Martin Luther And The Protestant Reformation

Led by the german monk Martin Luther (1483 – 1546), the Protestant Reformation sought to reform the 16th-century Catholic church.

The word Protestant comes from the german word ‘Protestierende’ meaning protester. The movement began in 1517 when Martin Luther protested against the Catholic Church and his followers became known as Protestants.

Criticism of The Catholic Church

At the start of the 16th century, many events led to the Protestant reformation. Clergy abuse caused people to begin criticizing the Catholic Church. The greed and scandalous lives of the clergy had created a split between them and the peasants. Furthermore, the clergy did not respond to the population’s needs, often because they did not speak the local language, or live in their own diocese.

However, the split was more over doctrine than corruption. The four main points of criticism were:

1. The Bible was only printed in Latin, and not in the local language. And printing was controlled by the church by a system of censorship.

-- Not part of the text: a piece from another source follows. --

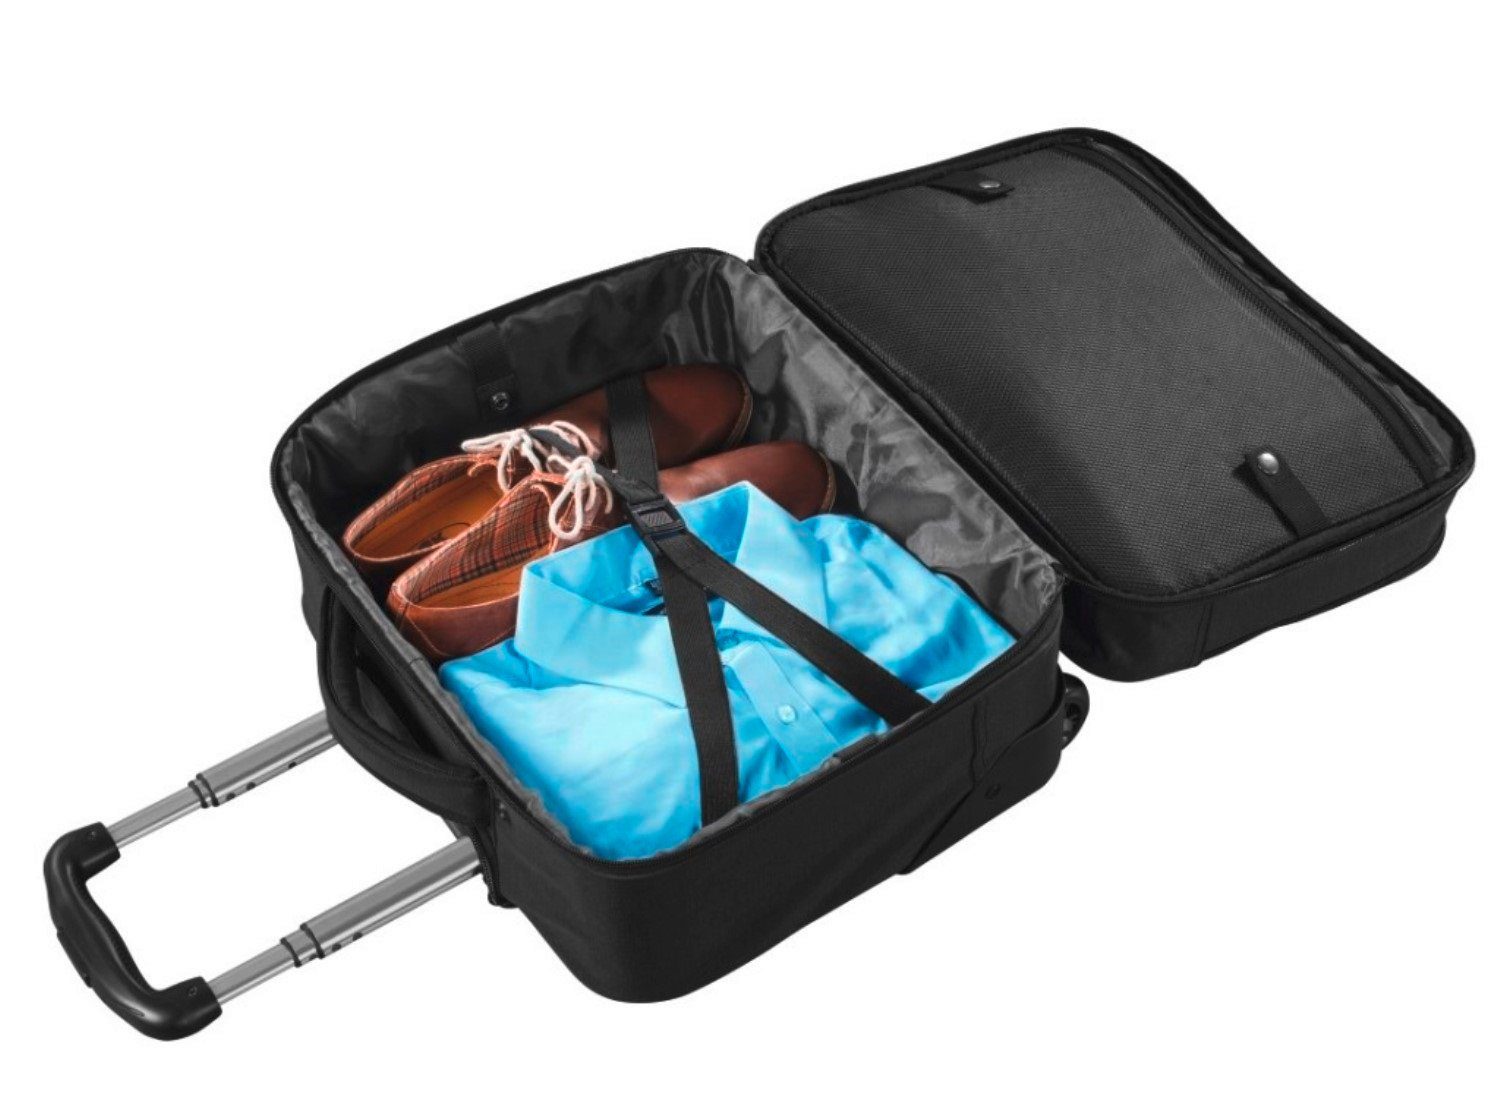 Hama Laptoptasche »Business-Trolley Koffer Notebook-Tasche Laptop«, Extra  Fächern, Handgepäck Flugzeug, für Tablets bis 32,77 cm (12,9) im Hauptfach  online kaufen | OTTO

2. Catholic Mass, the Church’s chief religious service, was also in Latin. This meant the people could not check whether what the priest said was actually correct.

3. The church sold tickets of indulgences (forgiveness) from sins for money. This suggested that the rich could buy their way into Heaven while the poor could not – quite the opposite of what the Bible says. (See Gospel of Matthew 19:24)

4. Religious posts were often sold to whoever was willing to pay the most money for them, see Simony. This meant many priests did not know enough about Christianity. So they told the people many different things. Some of the things had little to do with what was written in the Bible.

The 95 Theses

In 1515, the Pope started a new indulgence campaign to raise money for the rebuilding of St. Peter’s Basilica, a church in Rome. Preachers came to Germany to sell the indulgences, promising that money could release souls from purgatory.

Luther, who was ordained a Catholic monk in 1507 thought this went too far. On October 31, 1517, he wrote and sent 95 theses to the local archbishop in protest. It is said he nailed a copy to the door of a church in Wittenberg. These theses, written in Latin, were points that Luther wanted to debate.

Most of them related to the problems caused by the sale of indulgences. Luther said that the idea the money could buy forgiveness prevented people from turning away from sins. He said that it also made people give less money to the poor.

Luther did not attack the Pope. He blamed the abuses on others. Nevertheless, his ideas implied that the pope was corrupt also. Without Luther’s permission, the 95 Theses were translated into German and sent to many places. Many people agreed with Luther.

The Catholic Church tried to stop these new ideas, but without much result. Luther was considered an enemy of the Pope, and when he refused to change his ideas he was excommunicated (put out of the church). In the beginning, Luther had not planned to separate from the Catholic Church or to create a new religion; he wanted to reform the church.


The Reformation in Europe led to revolution, war and persecution. In many western countries, Christians put the needed reforms listed by Luther into practice.

People began to read the Bible in their own language – Luther himself translated the bible into German. Many could see for themselves how the Catholic Church had let the Christian faith become corrupted. Several of those who stayed in the Catholic Church adopted some of Luther’s ideas.

The Pope reestablished the Inquisition to combat this supposed heresy, but this did little to stop the movement spreading across Europe like wildfire.

In addition to the conflict in the churches, there were political consequences. Common people were made more open to questioning their leaders. In 1524-1525, millions of peasants rebelled against the nobles in the name of equality of humanity in front of God. Many countries in Europe choose Protestantism as the state religion and so Europe was divided by religion.

The Catholic Church had been truly split open and the Protestant faith created.